- **Exercise prompt**
Write the listing out again word for word. Pictures do not belong in the copy.

- **Exercise data**
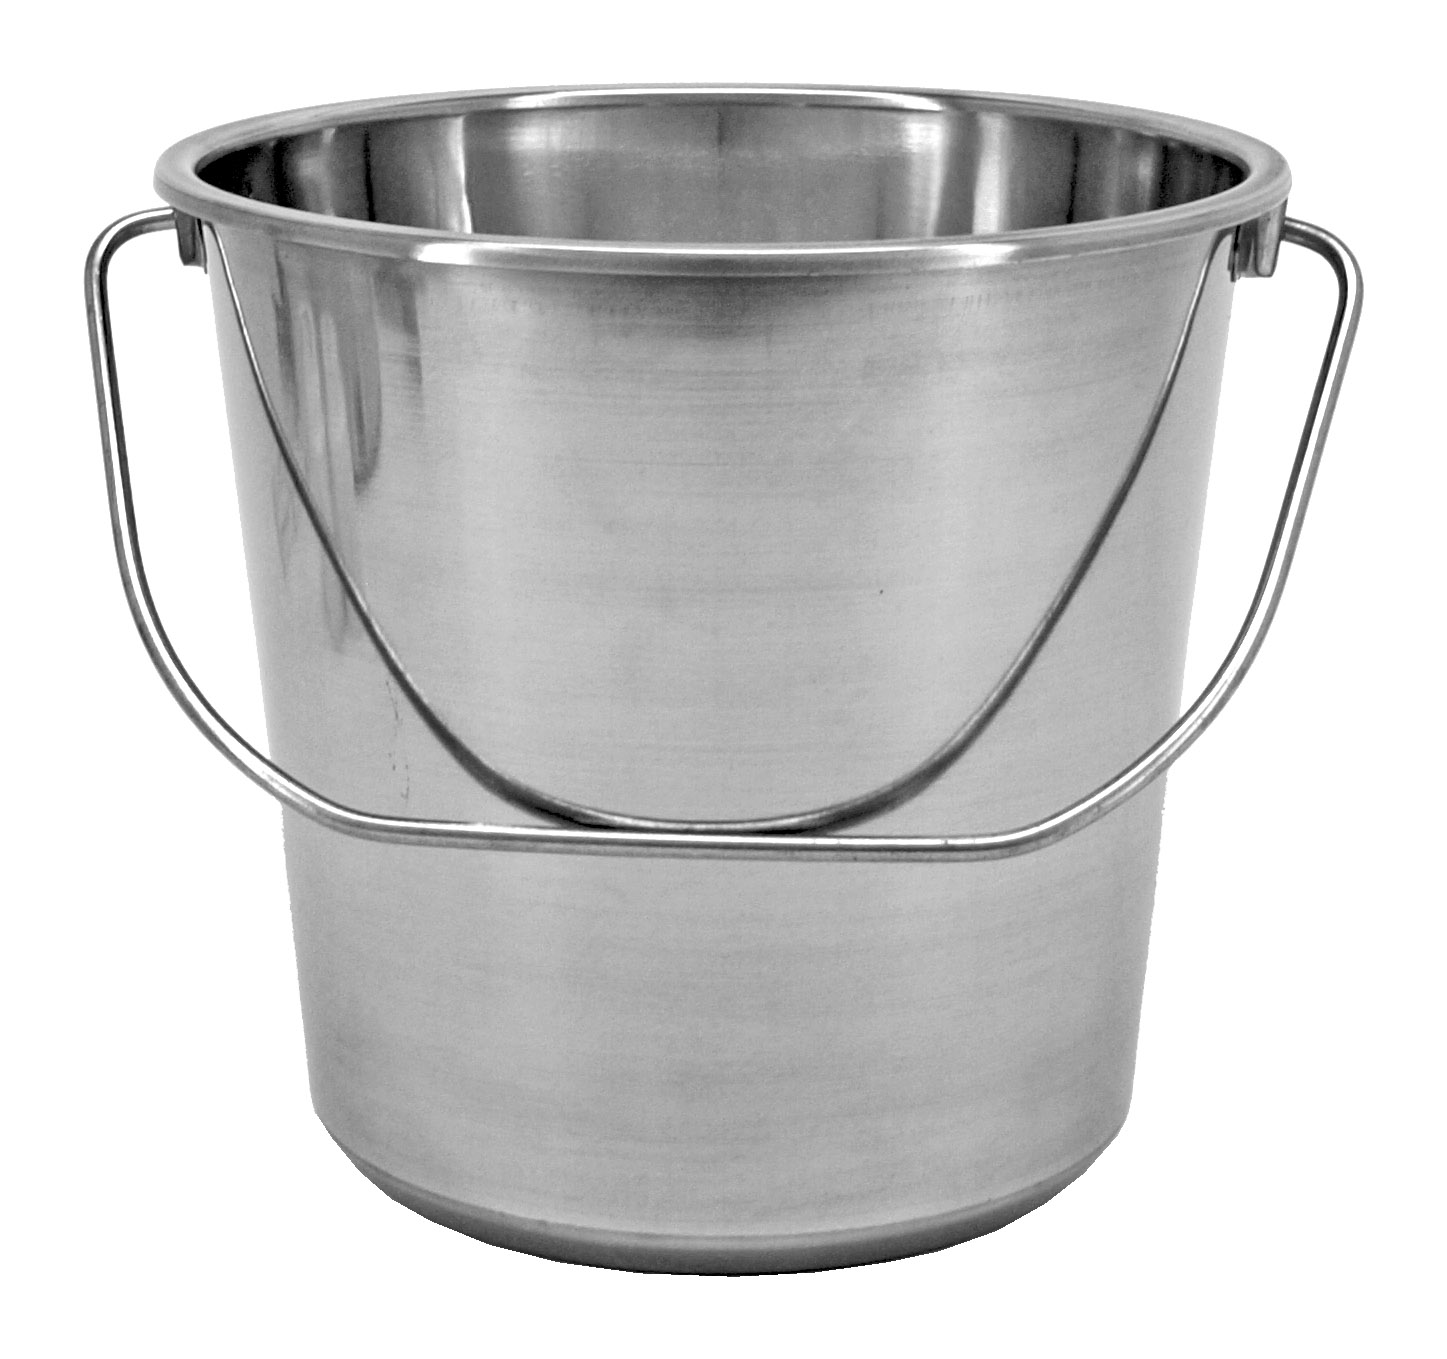 2.37 Gallon Stainless Steel Bucket
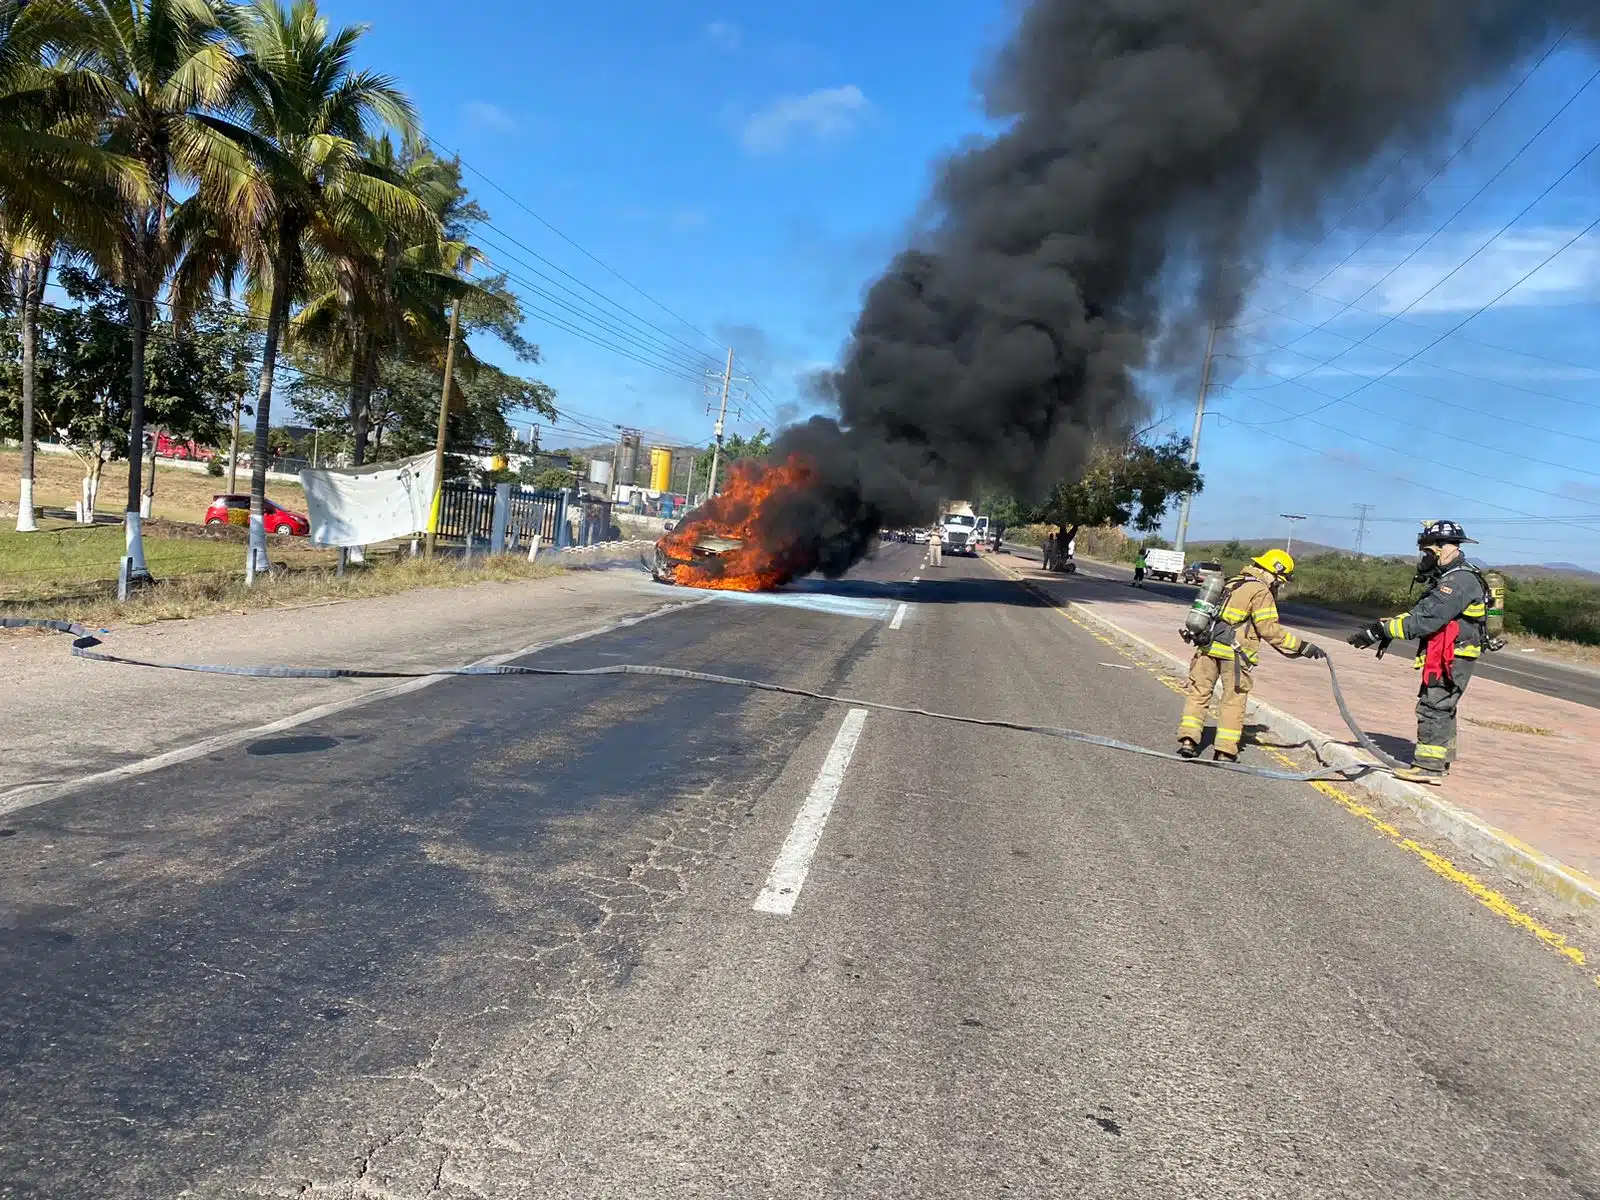 Camioneta incendiándose en una carretera de Mazatlán mientras bomberos se preparan para apagar el fuego
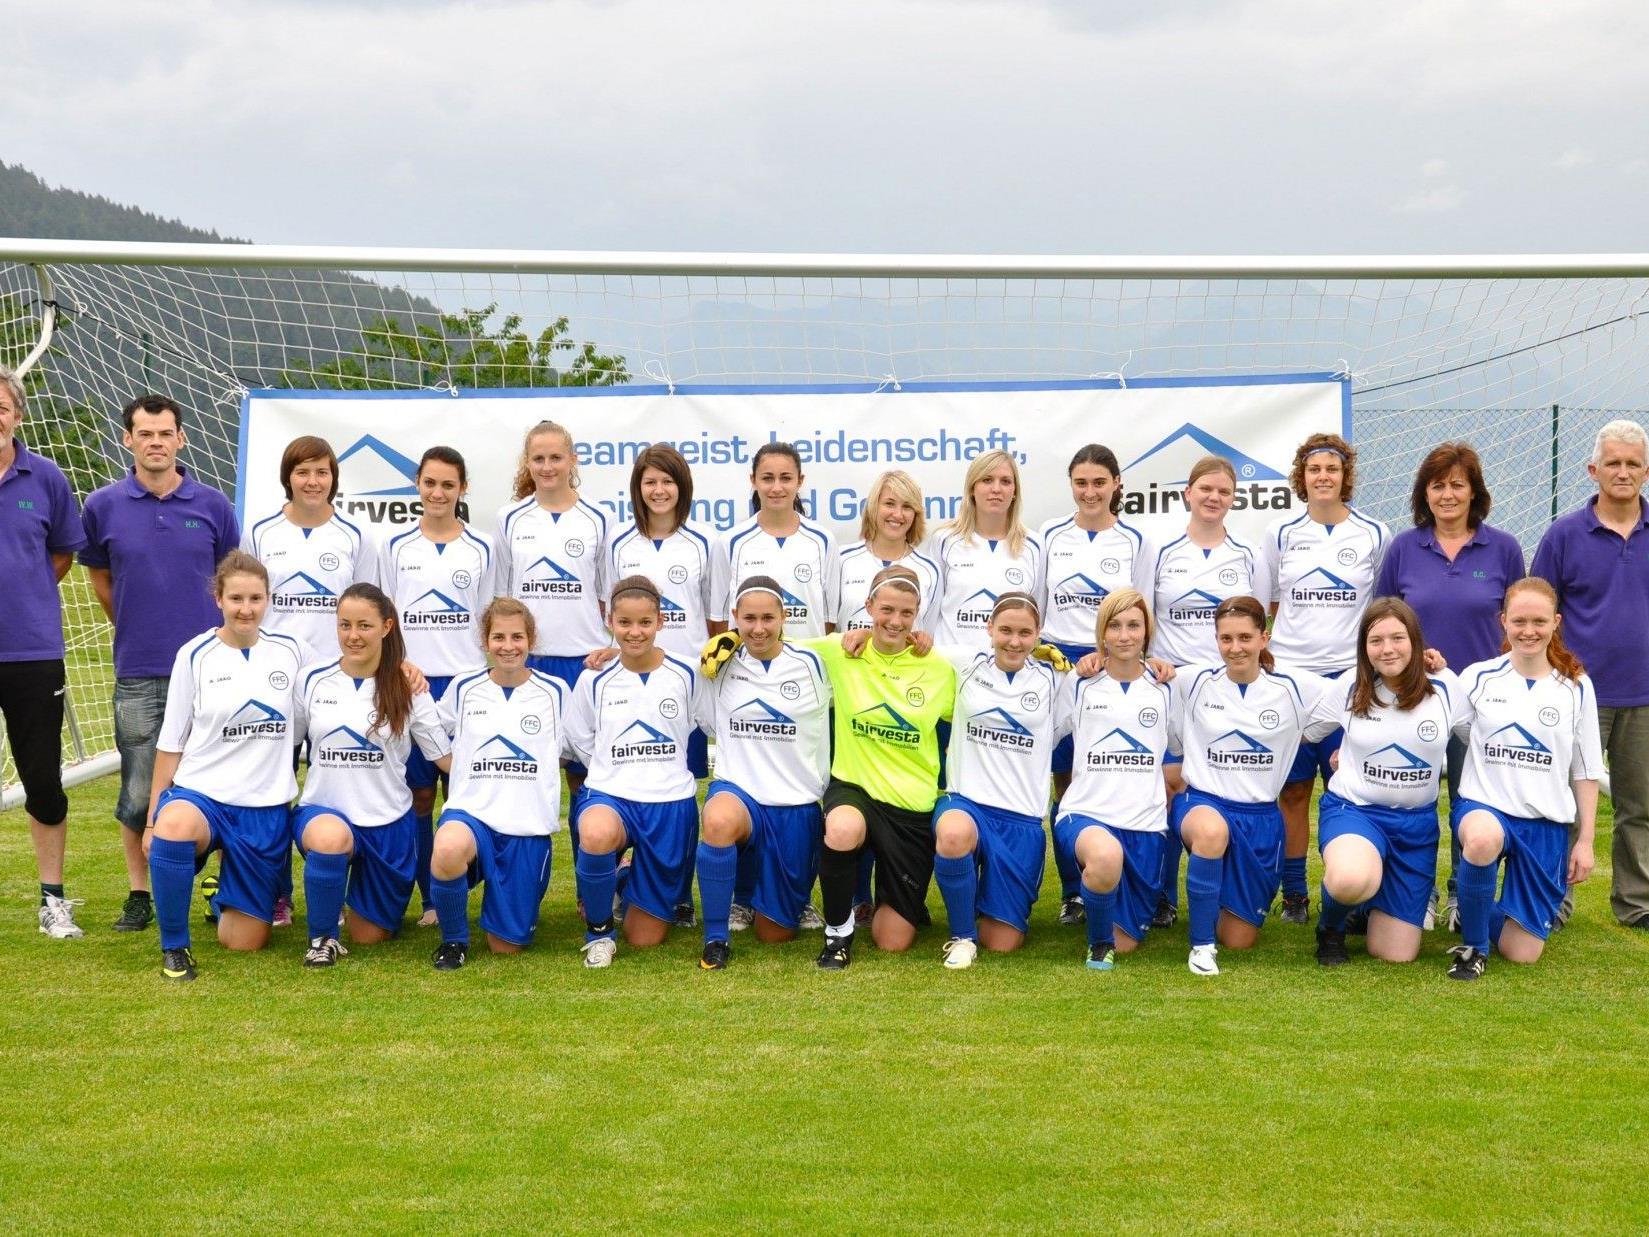 Die Erfolgreiche Frauenmannschaft des FFC Fairvesta Vorderland.

- **Response area**
 2.37 Gallon Stainless Steel Bucket
 Camioneta incendiándose en una carretera de Mazatlán mientras bomberos se preparan para apagar el fuego
 Die Erfolgreiche Frauenmannschaft des FFC Fairvesta Vorderland.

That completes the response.